Print the data once more, exactly as given. Drop the pictures.

* [Supplied data]:
BEGIN

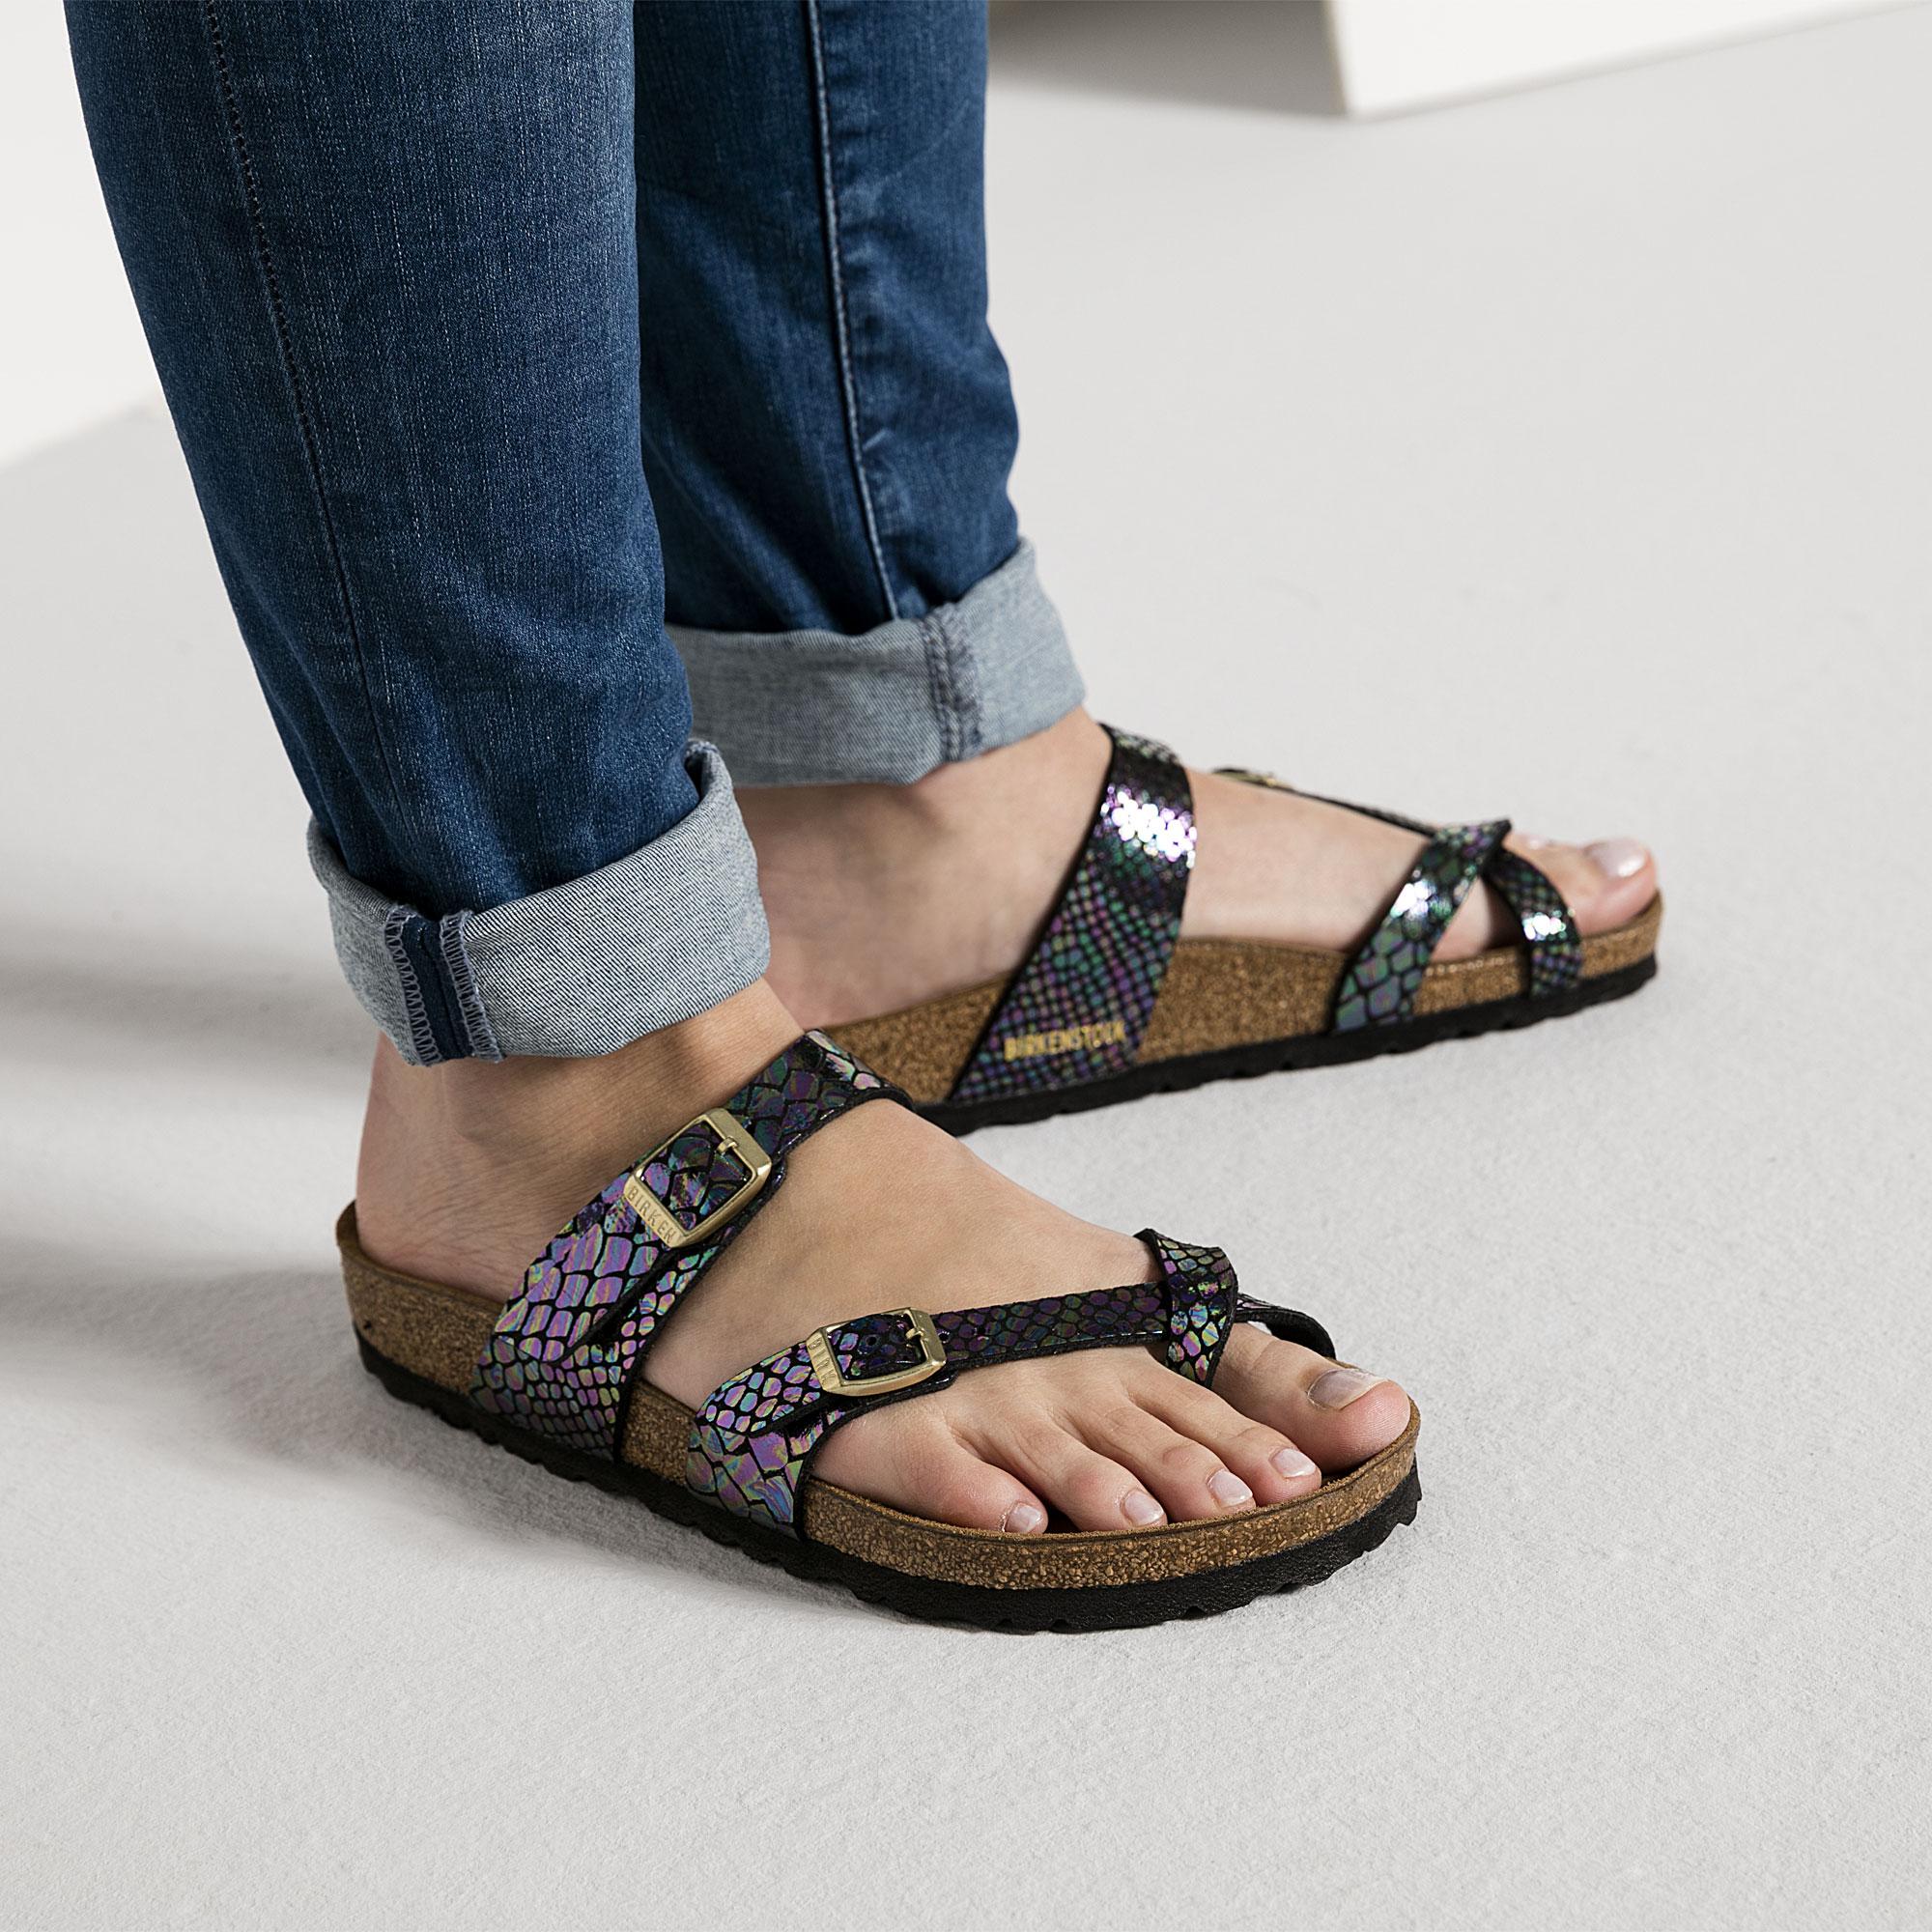 Birkenstock Mayari Birko Flor Sandals | Free Delivery Options
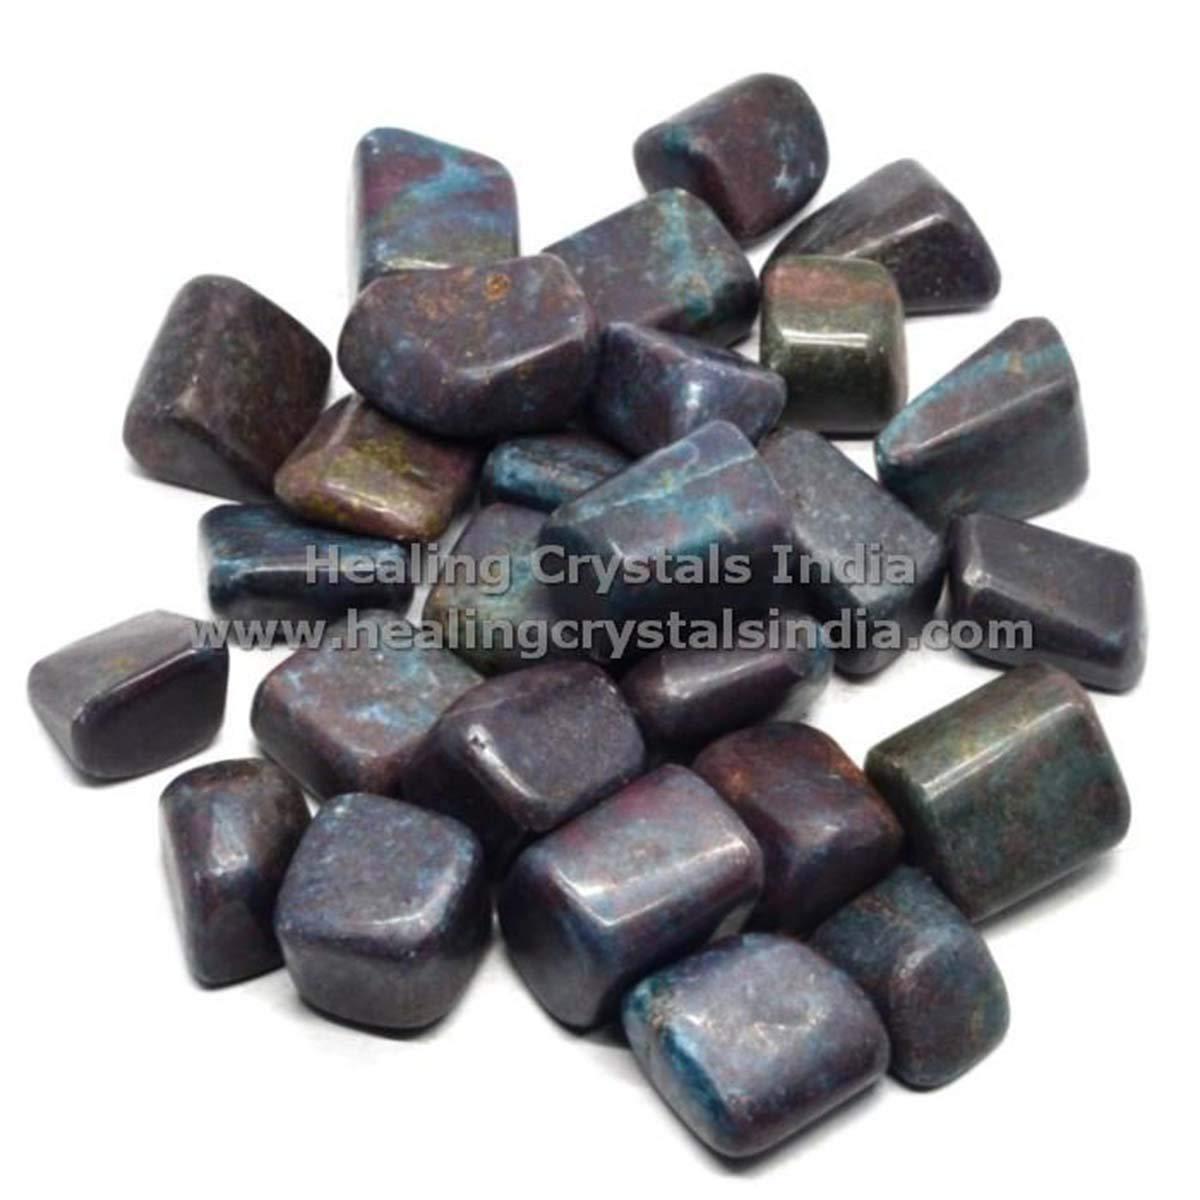 Indian Handicrafts Export 1lb Natural Ruby Kynite Stone Tumble HCS0683
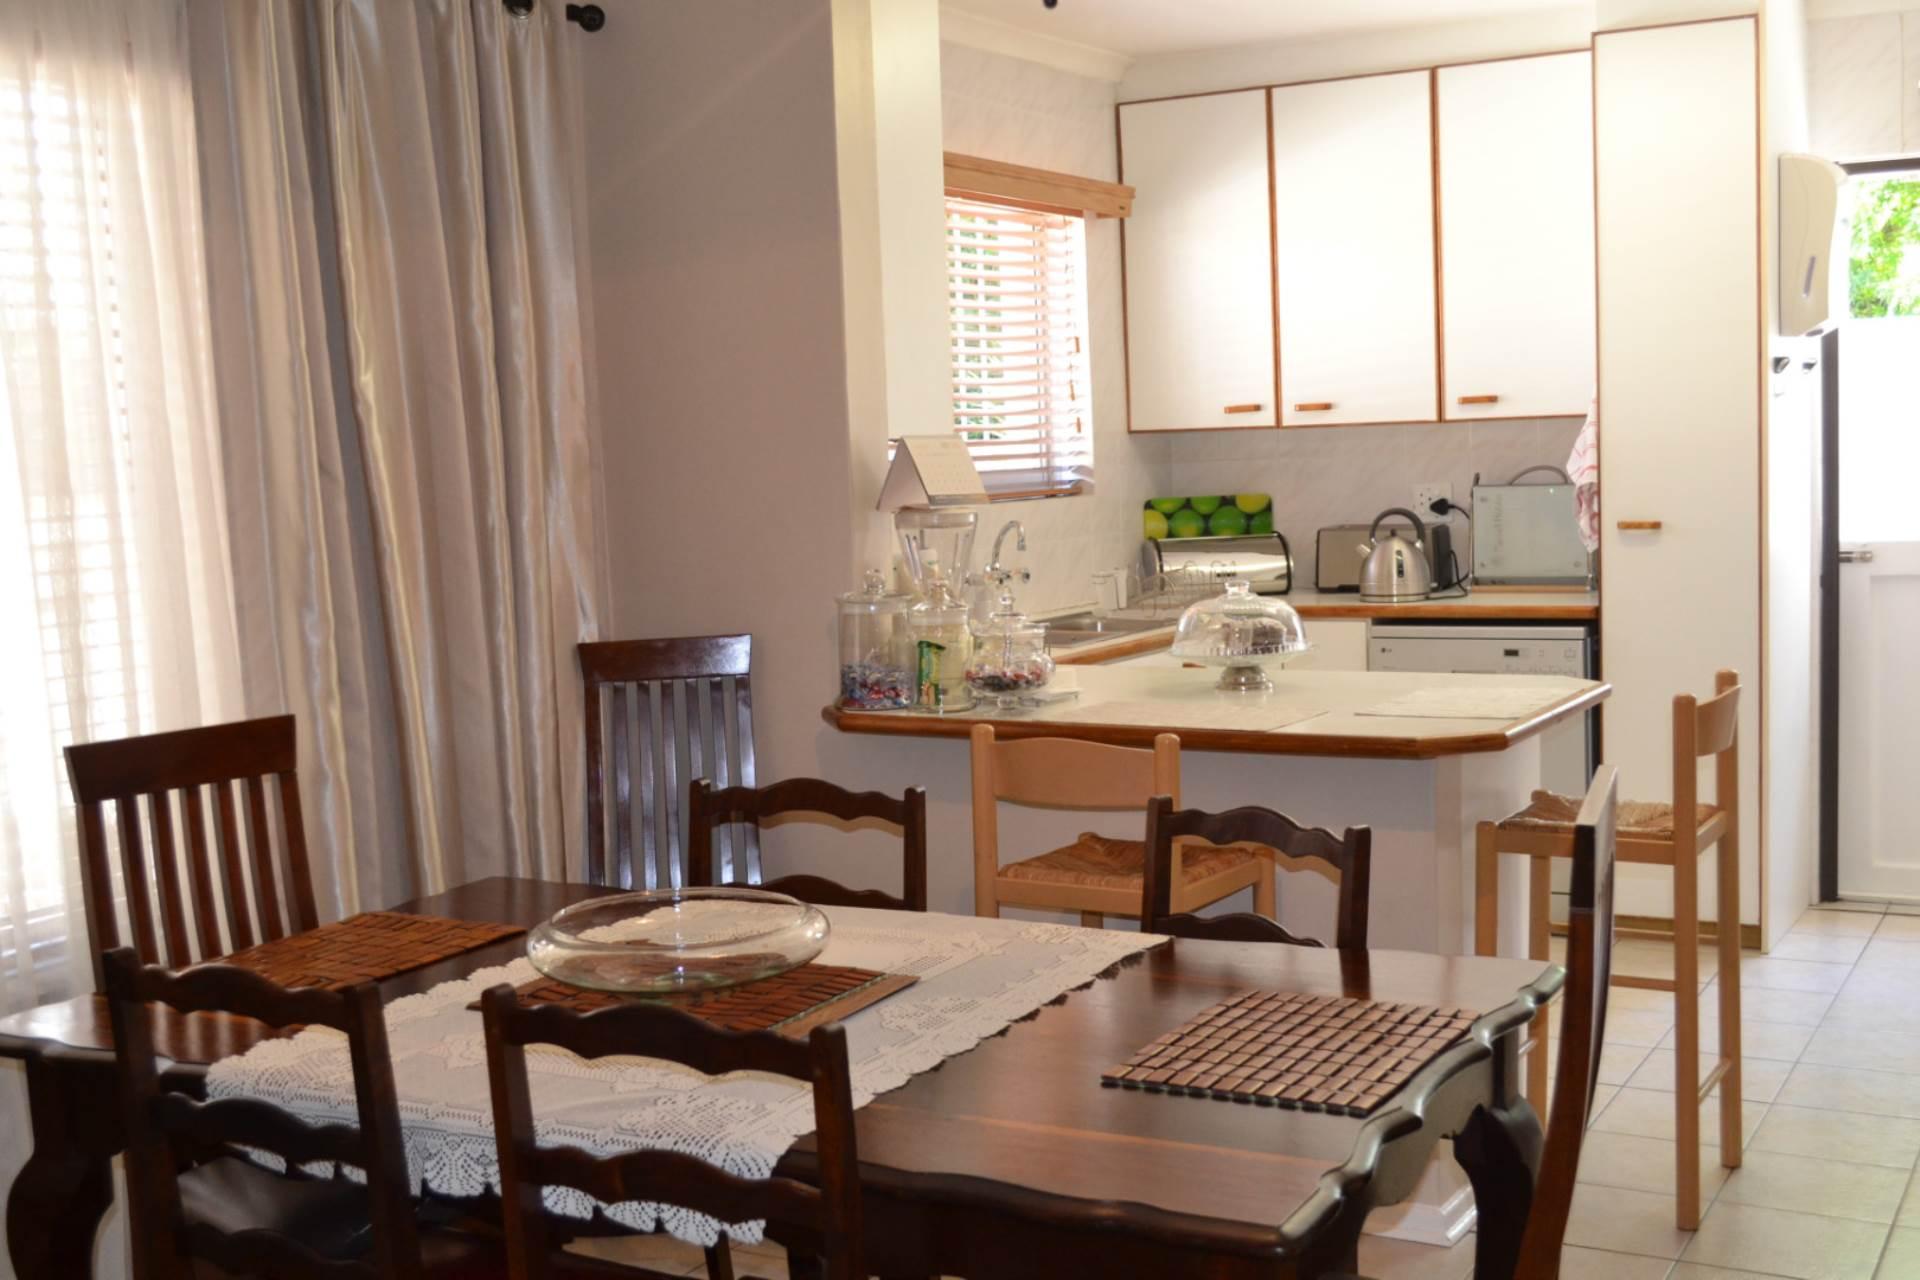 Townhouse For Sale In Loevenstein Bellville Western Cape R 2290000

END

* [Written solution]:
 Birkenstock Mayari Birko Flor Sandals | Free Delivery Options
 Indian Handicrafts Export 1lb Natural Ruby Kynite Stone Tumble HCS0683
 Townhouse For Sale In Loevenstein Bellville Western Cape R 2290000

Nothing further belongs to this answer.